Reviewer: J. 
    F. Weber 
 
    Subtitled “European spiritual 
    song ca. 1500,” this is a wide-ranging collection that includes some 
    familiar pieces. Innsbruck, ich muß dich laßen is Isaac’s most famous 
    song, and De tous biens plaine is heard not only in Hayne van Ghizighem’s 
    original but also with Josquin des Prez’s added canon and in two 
    instrumental settings by Alexander Agricola. Sermisy’s Tant que vivray 
    is sung to Marot’s secular text and Beaulieu’s devotional paraphrase. Not 
    exactly spiritual songs are the Christe eleison from Isaac’s Missa 
    Carminum (“the Mass of songs”), included because it sets the melody of
    Innsbruck, and O bone Jesu as set by Loyset Compère and 
    intabulated by Francesco Canova da Milano. 
     
    The rest is a collection of obscure pieces. The group opens 
    bravely (considering the less than entrancing music) with a brief one and a 
    half minute litany by Heinrich Isaac, setting only the invocations of 11 
    saints with the petition for prayer. It is credited to two tenors, but if 
    the two are alternating between petition and response the contrast is not 
    audible in their voices. The interesting part is the accompanying 
    instrumental melody from Fortuna desperata, which is supposed to 
    evoke the meaning of the words about Fortune in the listener. Pierre Moulu 
    has three songs, one of them first played on a spinet in one of Joel Cohen’s 
    earliest LPs. Arnold Schlick’s Maria zart is the song on which 
    Obrecht’s most impressive Mass was based. The closing work is not a motet 
    but a frottola, In te Domine speravi per trovar pietà. 
     
    
    Since 2008 
    Anne Azéma has been directing the ensemble founded by Joel Cohen in 1954, 
    but this is the first recording under her direction that I am aware of. 

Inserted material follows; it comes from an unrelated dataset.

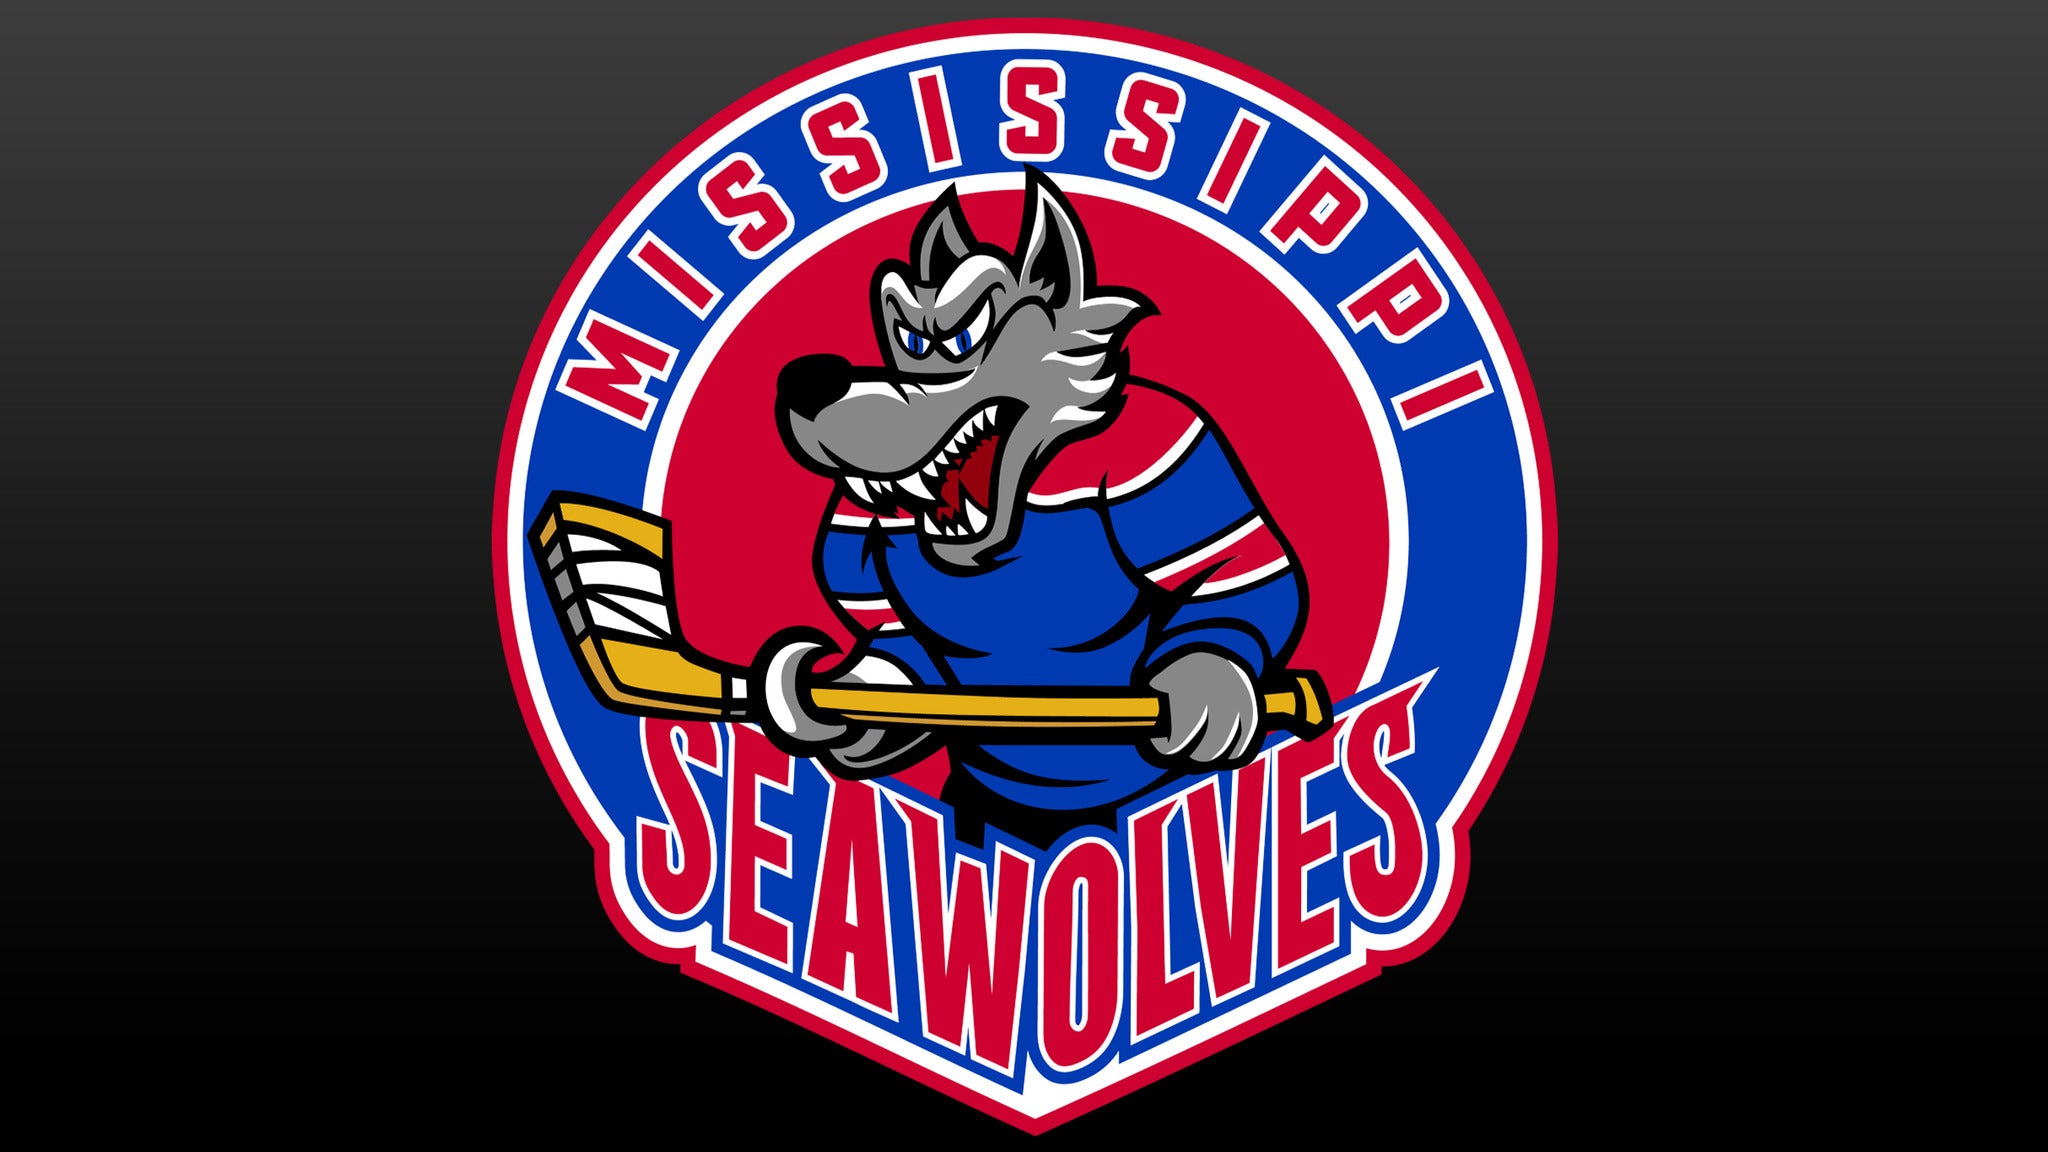 Mississippi Sea Wolves presale information on freepresalepasswords.com
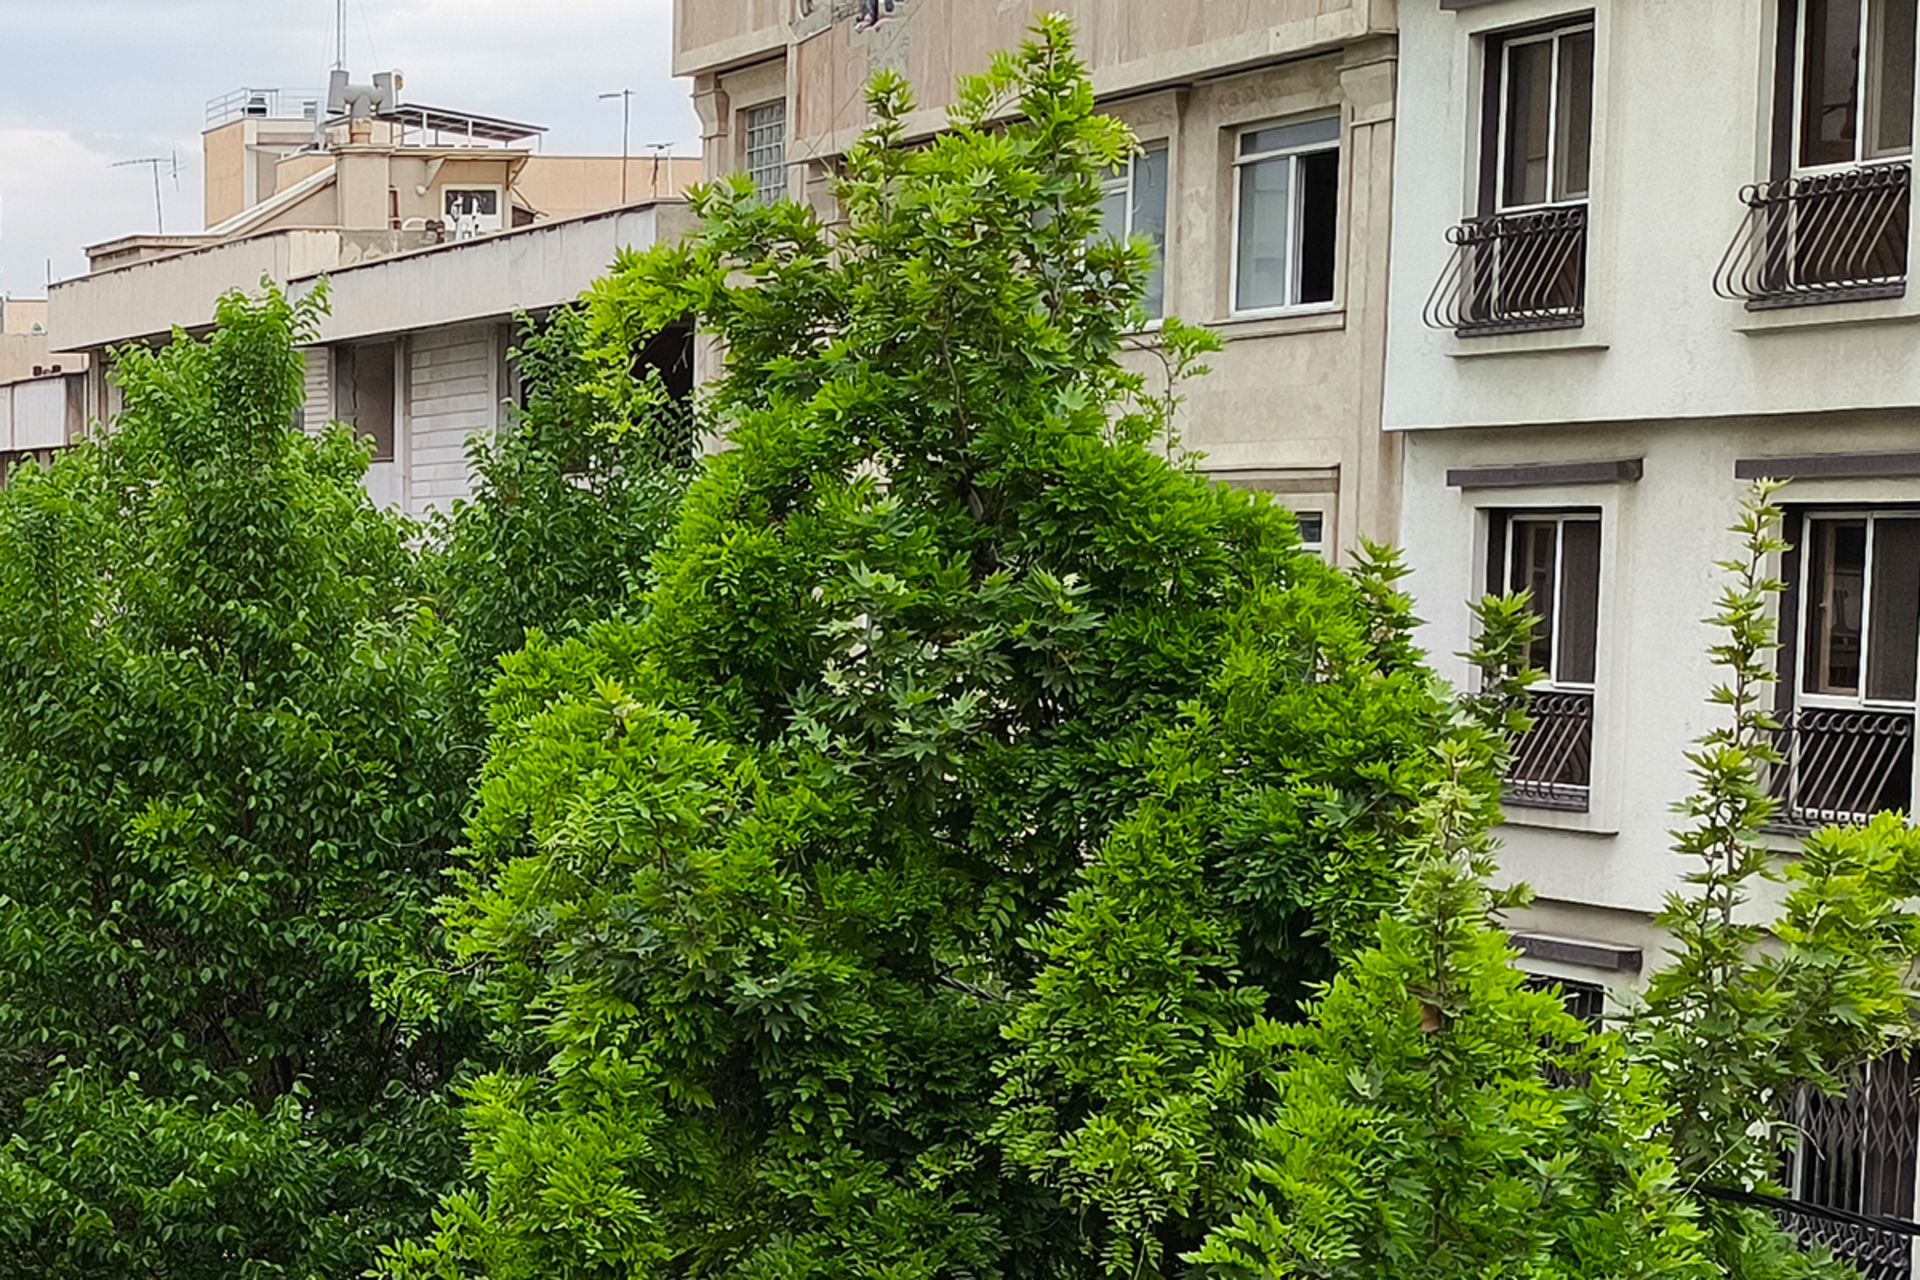 نمونه عکس کراپ شده دوربین اصلی پوکو X6 پرو در محیط روشن خارجی از یک کوچه با ساختمان ها و درختان

    Cohen lives in Italy now and the recording was made with his cooperation in 
    an abbey church in France. The musical program was performed in conjunction 
    with an exhibit in Toronto, New York, and Amsterdam of boxwood carvings 
    dating from the same period. The tiny carvings—hard to believe from the 
    photos—are beads of a rosary, devotional objects comparable to the 
    devotional songs on the record. This is an offbeat program, the whole 
    greater than the sum of its parts, and it hardly duplicates much in your 
    collection. The lovely singing and playing are their own recommendation.